5. В Константинополе есть зал, примыкающий к дворцу, поразительно величественный и прекрасный, который греки называют «магнавра», ставя вместо дигаммы[46]
«V», как будто бы это magna aura. И вот его Константин приказал приготовить для приема испанских, недавно туда прибывших, послов и для нас с Лиутфридом следующим образом. Перед троном императора стояло бронзовое, но все позолоченное дерево, ветви которого заполняли птицы разных пород, тоже из бронзы с позолотой, соответственно своей птичьей породе певшие на разные голоса. А трон императора был так искусно построен, что одно мгновение он казался низким, в следующее — повыше, а вслед за тем возвышенным. Этот трон как бы охраняли необыкновенной величины львы, не знаю из бронзы или из дерева, но позолоченные. Хвостами они били по полу и, разинув пасть, подвижными языками издавали рычание. И вот в этот зал в сопровождении двух евнухов я был приведен пред лик императора. Когда при моем появлении зарычали львы, защебетали птицы, каждая на свой лад, я не испытал никакого страха, никакого изумления, потому что обо всем этом был осведомлен теми, кто это хорошо знал. Но вот когда, склонившись пред императором, я в третий раз отвешивал поклон, то, подняв голову, увидел его, кого только что видел сидящим на небольшом возвышении, сидящим теперь чуть ли не под потолком зала и одетым в другие одежды[47]. Как это случилось, я не в состоянии был понять, разве что, пожалуй, поднят он был тем же способом, каким поднимают вал давильного пресса. Сам император не произнес ни слова (да если б и захотел, то это было бы неудобно из-за большого отдаления от меня), но через логофета[48] он осведомился о жизни и здоровье Беренгария. Ответив ему подобающим образом, я по знаку переводчика вышел и вскоре был препровожден в предоставленную мне гостиницу.6. Но я не могу здесь не вспомнить, что я тогда сделал для Беренгария, с тем, чтобы стало известно, сколь велика была моя любовь к нему и какое вознаграждение получил я от него за свою верную службу. Испанские послы и упомянутый Лиутфрид, посол нашего государя, тогда еще короля, Оттона, поднесли императору Константину богатые дары от имени их повелителей. Я же от Беренгария не принес ничего, лишь только письмо, да и то насквозь лживое. Поэтому душа моя из-за этого постыдного положения была полна смятения, и я напряженно придумывал, что бы такое предпринять в данных обстоятельствах. Но тут меня, озабоченного и обеспокоенного, осенила мысль: дары, которые я должен был преподнести императору от себя, поднести ему от имени Беренгария, и небольшой подарок по мере сил моих словами приукрасить[49]

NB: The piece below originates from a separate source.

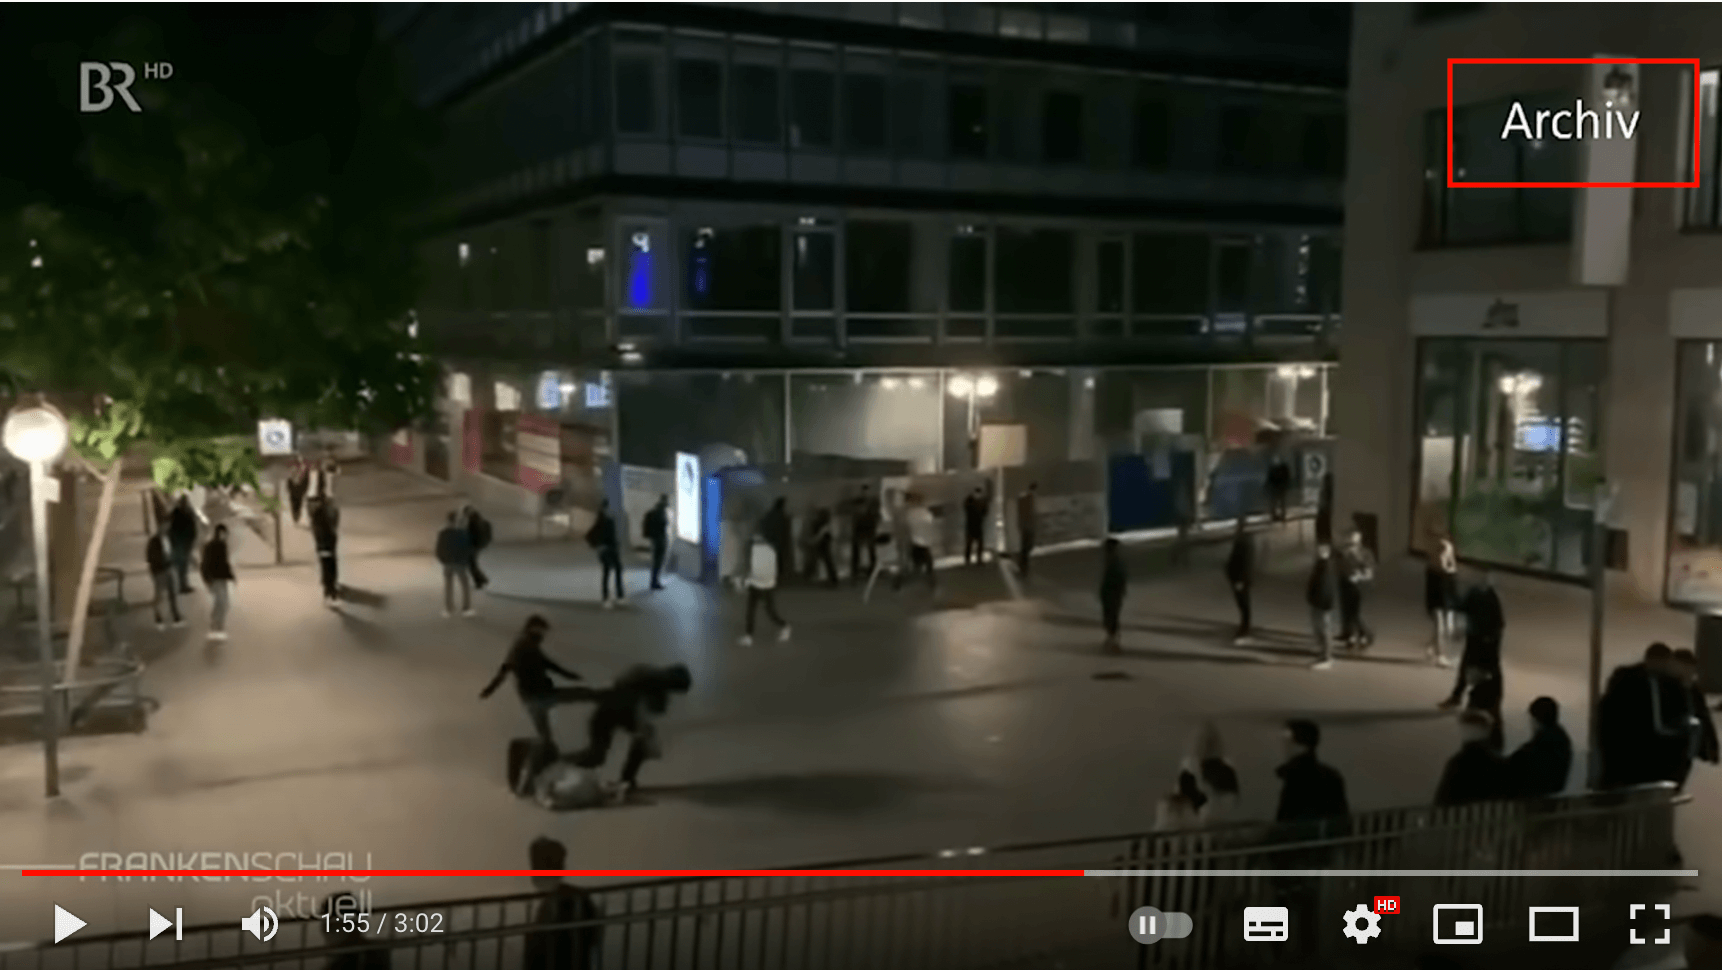 Aufnahme eines Angriffs auf einen Polizisten in Stuttgart, der sich im Juni 2020 ereignete. Im Beitrag des BR ist die Szene als Archivmaterial gekennzeichnet.
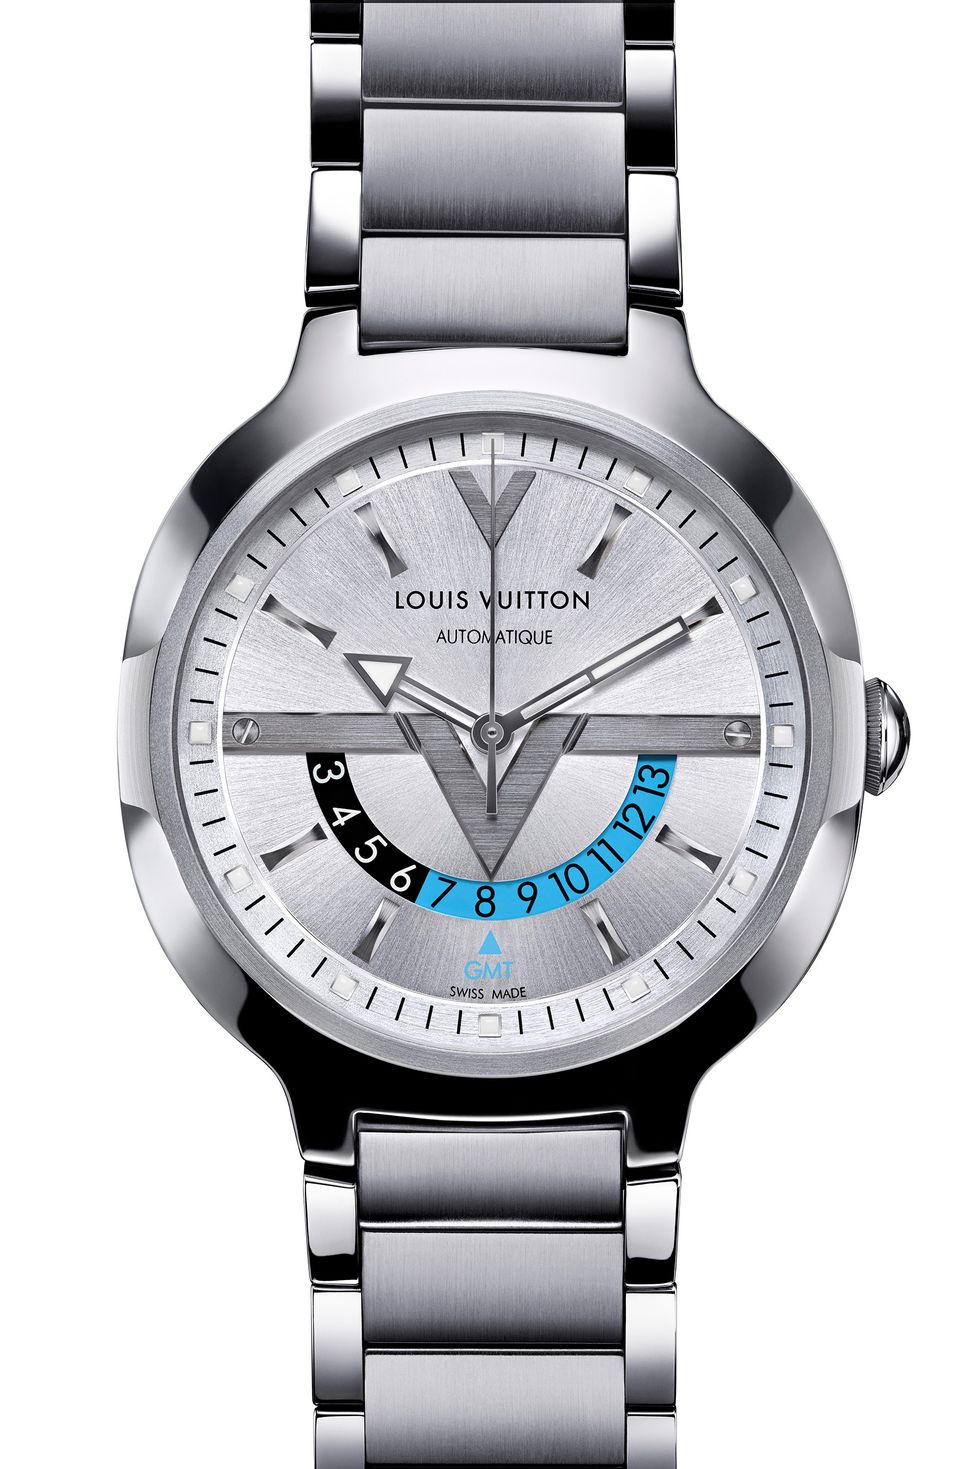 16 Best Louis Vuitton men's watches ideas  louis vuitton, watches, louis  vuitton watches

. Вручил же я ему девять превосходных панцирей, семь великолепных щитов с позолоченными буллами, два серебряных с позолотой бокала, мечи, копья, дротики и четыре carzimasia, невольника, которые для императора были ценнее всех других даров. Carzimasium же греки называют совсем юных евнухов, таких, на которых торговцы из Вердена получали огромные барыши и обычно вывозили их в Испанию.7. И вот когда это подобным образом было проделано, император приказал пригласить меня через три дня во дворец и сам лично, поговорив со мной, пригласил меня к столу, а после мне и моим спутникам преподнес богатые дары. Но поскольку теперь представляется случай рассказать, каким был его стол, особенно в праздничные дни, и что за зрелища были во время пиршества, я считаю уместным не обходить молчанием, но описать здесь.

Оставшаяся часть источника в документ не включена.